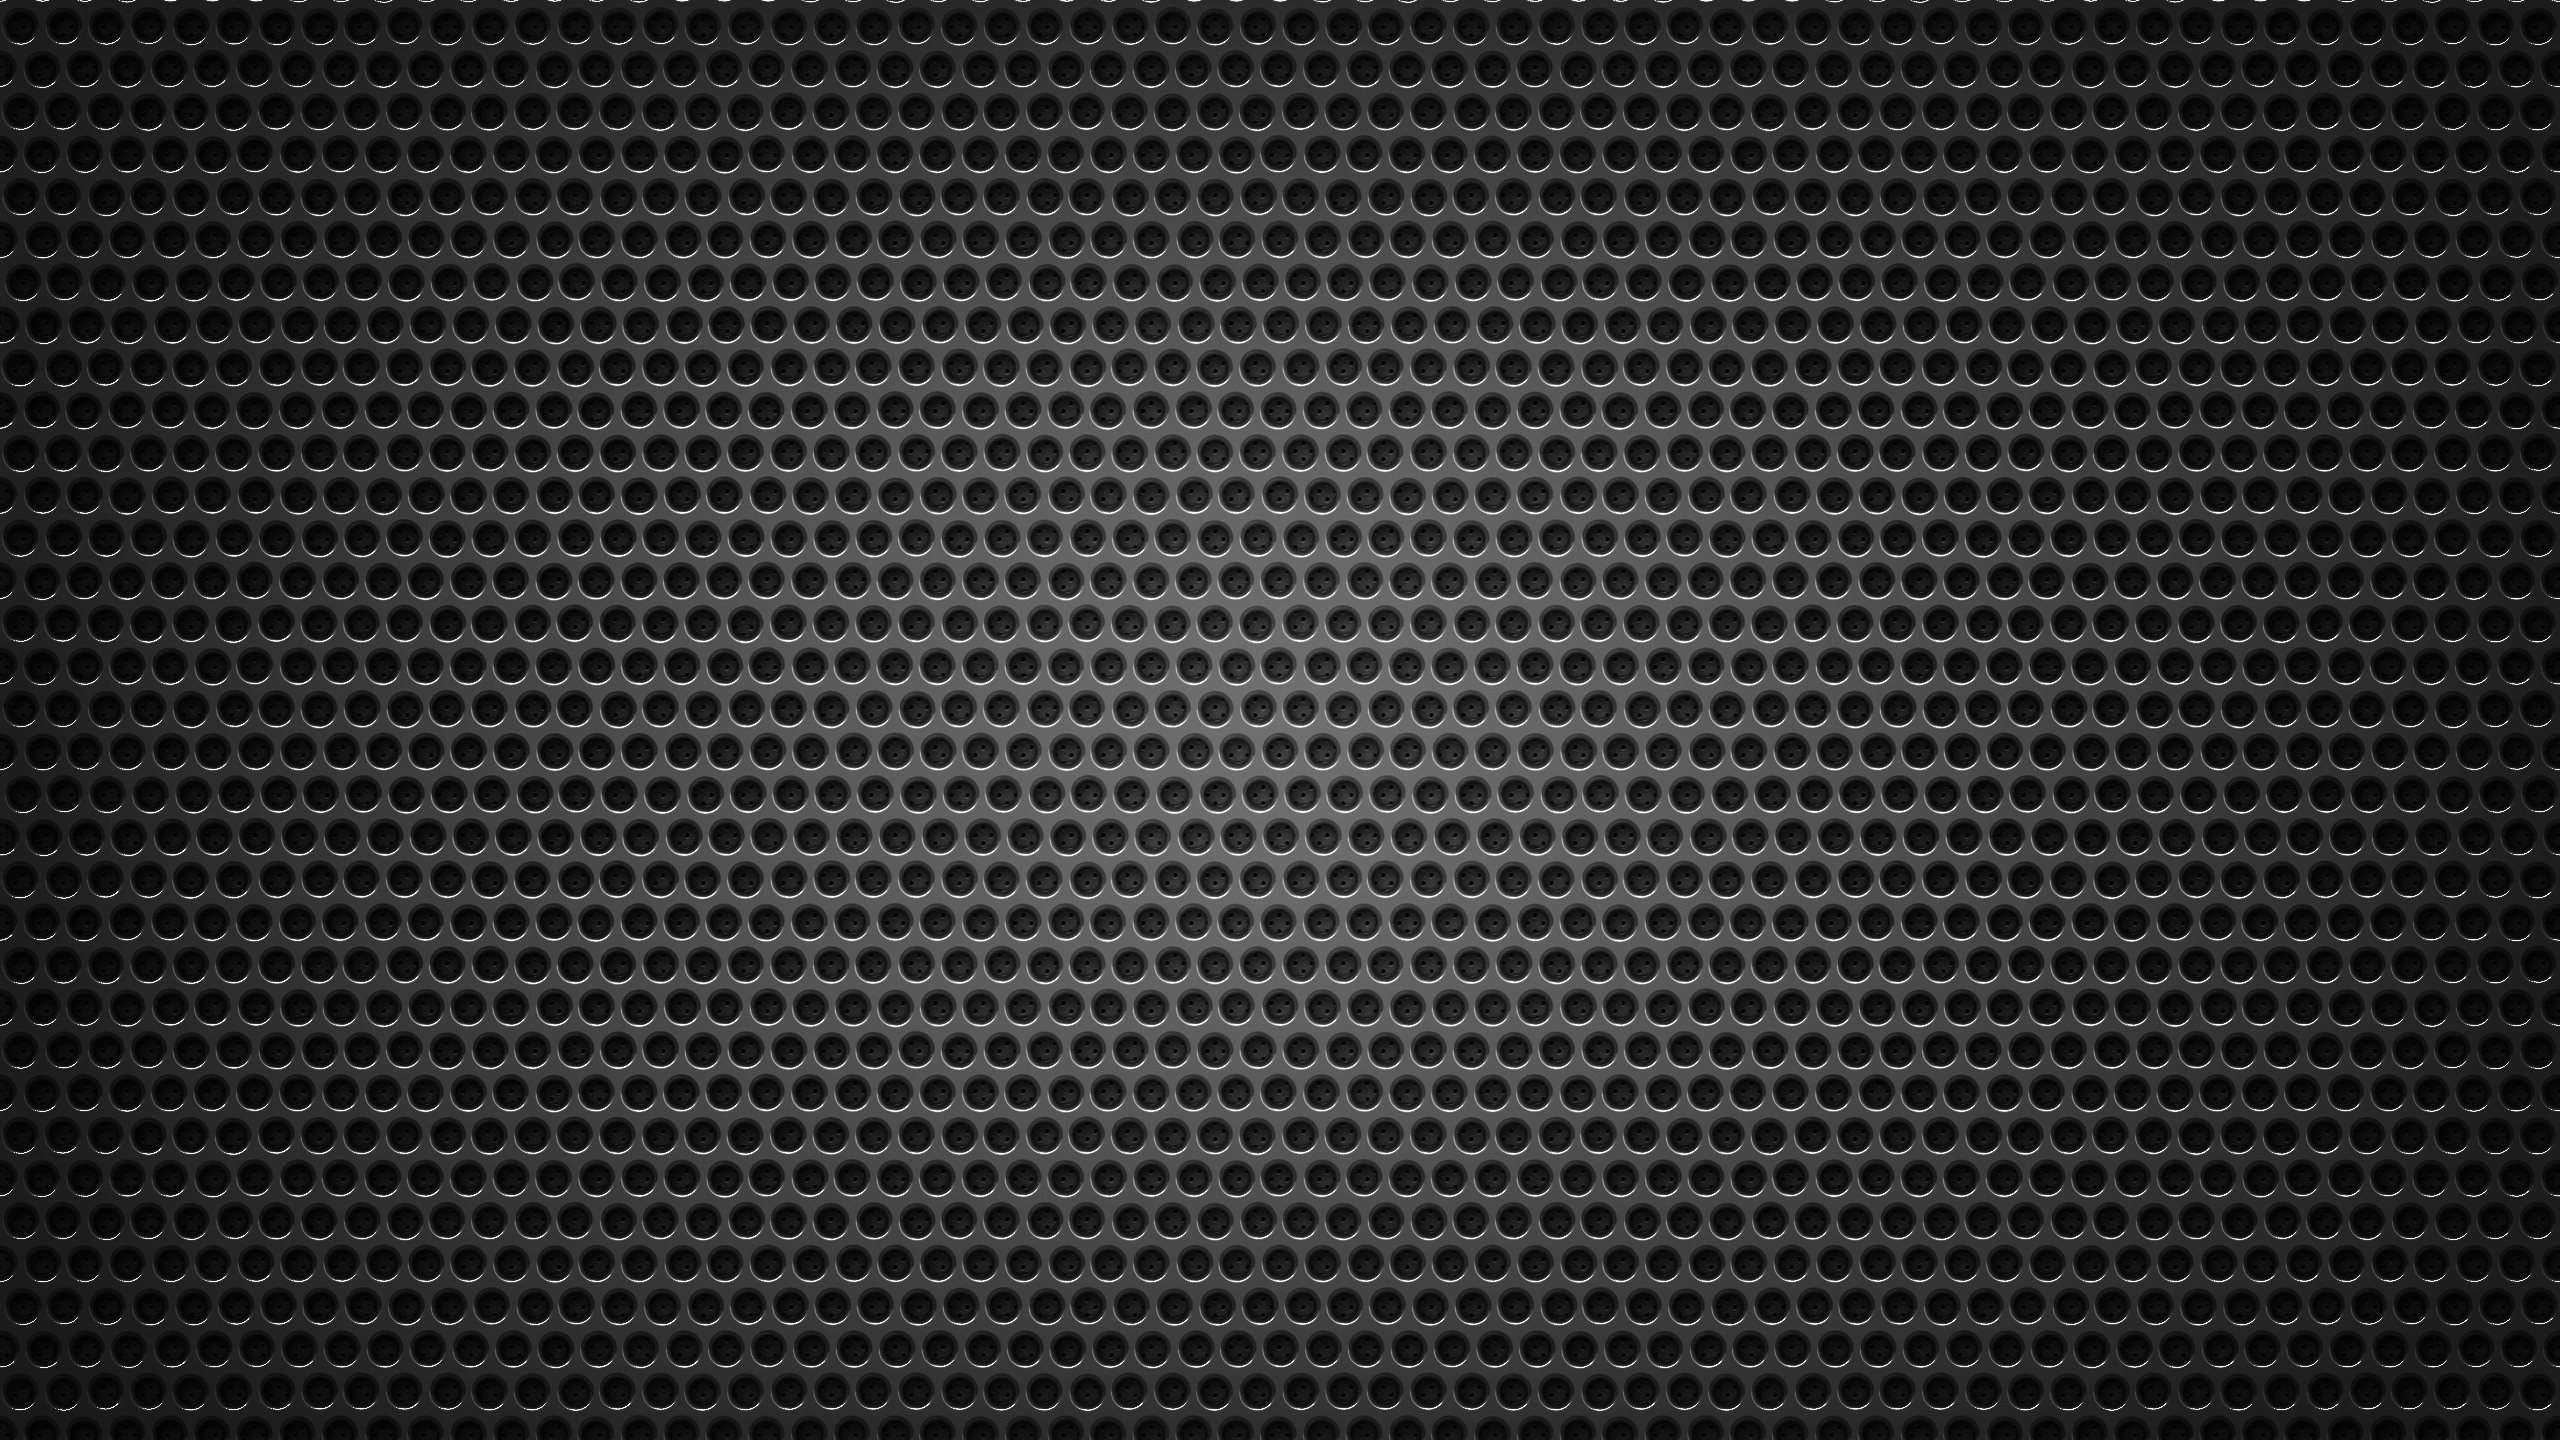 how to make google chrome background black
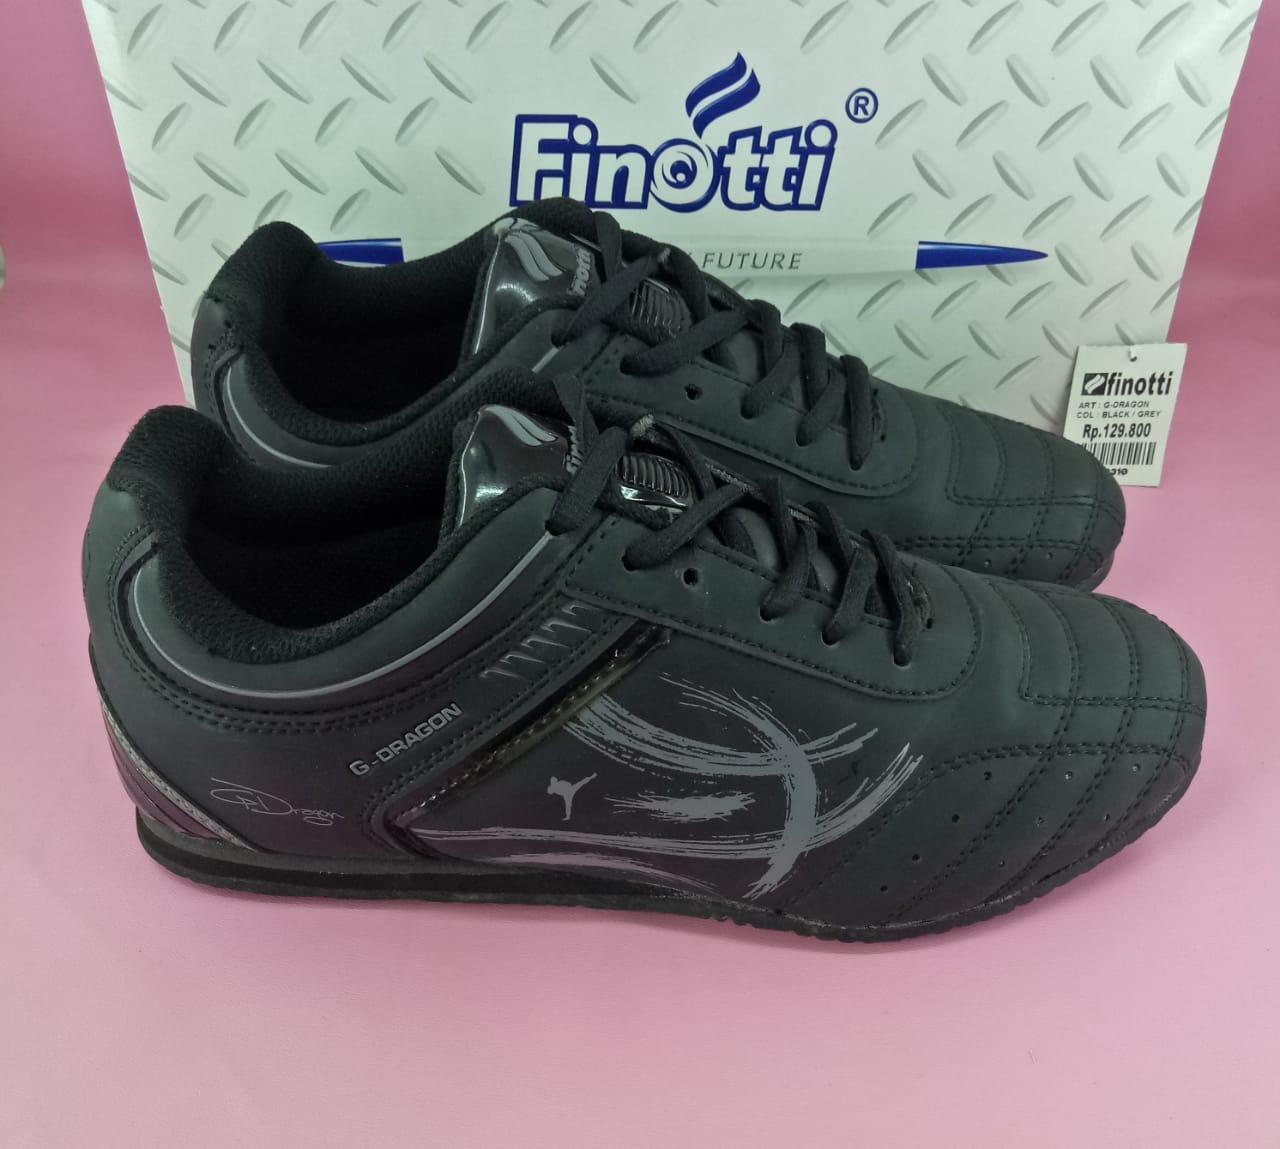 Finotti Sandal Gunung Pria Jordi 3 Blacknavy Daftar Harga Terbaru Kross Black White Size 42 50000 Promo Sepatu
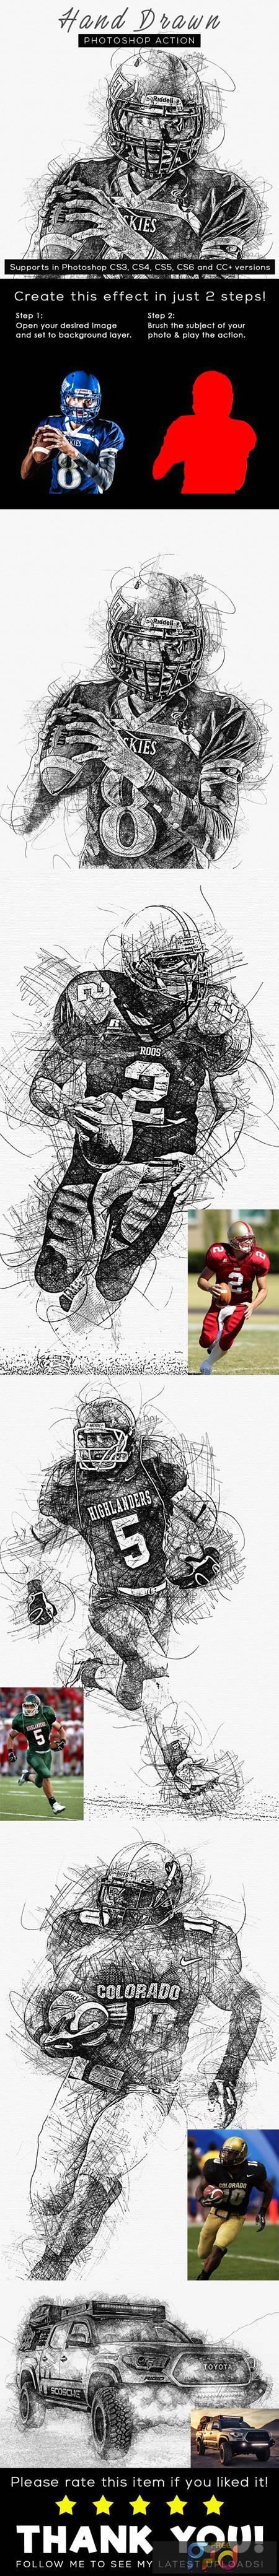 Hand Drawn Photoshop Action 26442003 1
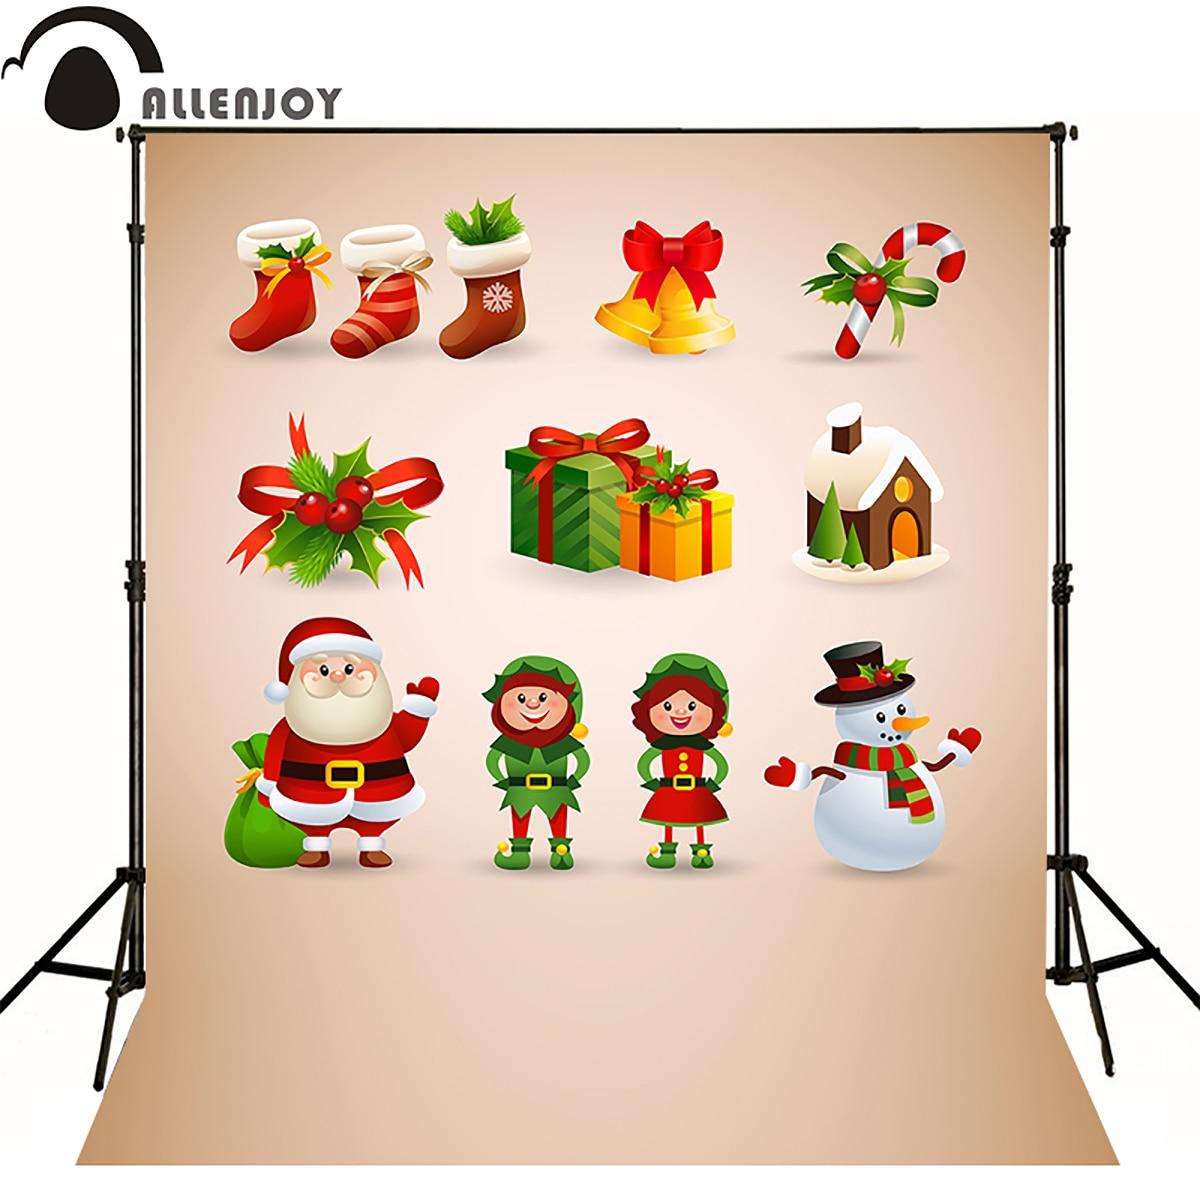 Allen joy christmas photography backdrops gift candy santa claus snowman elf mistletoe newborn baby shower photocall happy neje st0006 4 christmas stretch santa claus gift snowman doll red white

▶ [GOAL OF THE EXERCISE] The whole listing, pictures excluded, should be output exactly.

▶ [RESPONSE BELOW]
 how to make google chrome background black
 Finotti Sandal Gunung Pria Jordi 3 Blacknavy Daftar Harga Terbaru Kross Black White Size 42 50000 Promo Sepatu
 Hand Drawn Photoshop Action 26442003 1
 Allen joy christmas photography backdrops gift candy santa claus snowman elf mistletoe newborn baby shower photocall happy neje st0006 4 christmas stretch santa claus gift snowman doll red white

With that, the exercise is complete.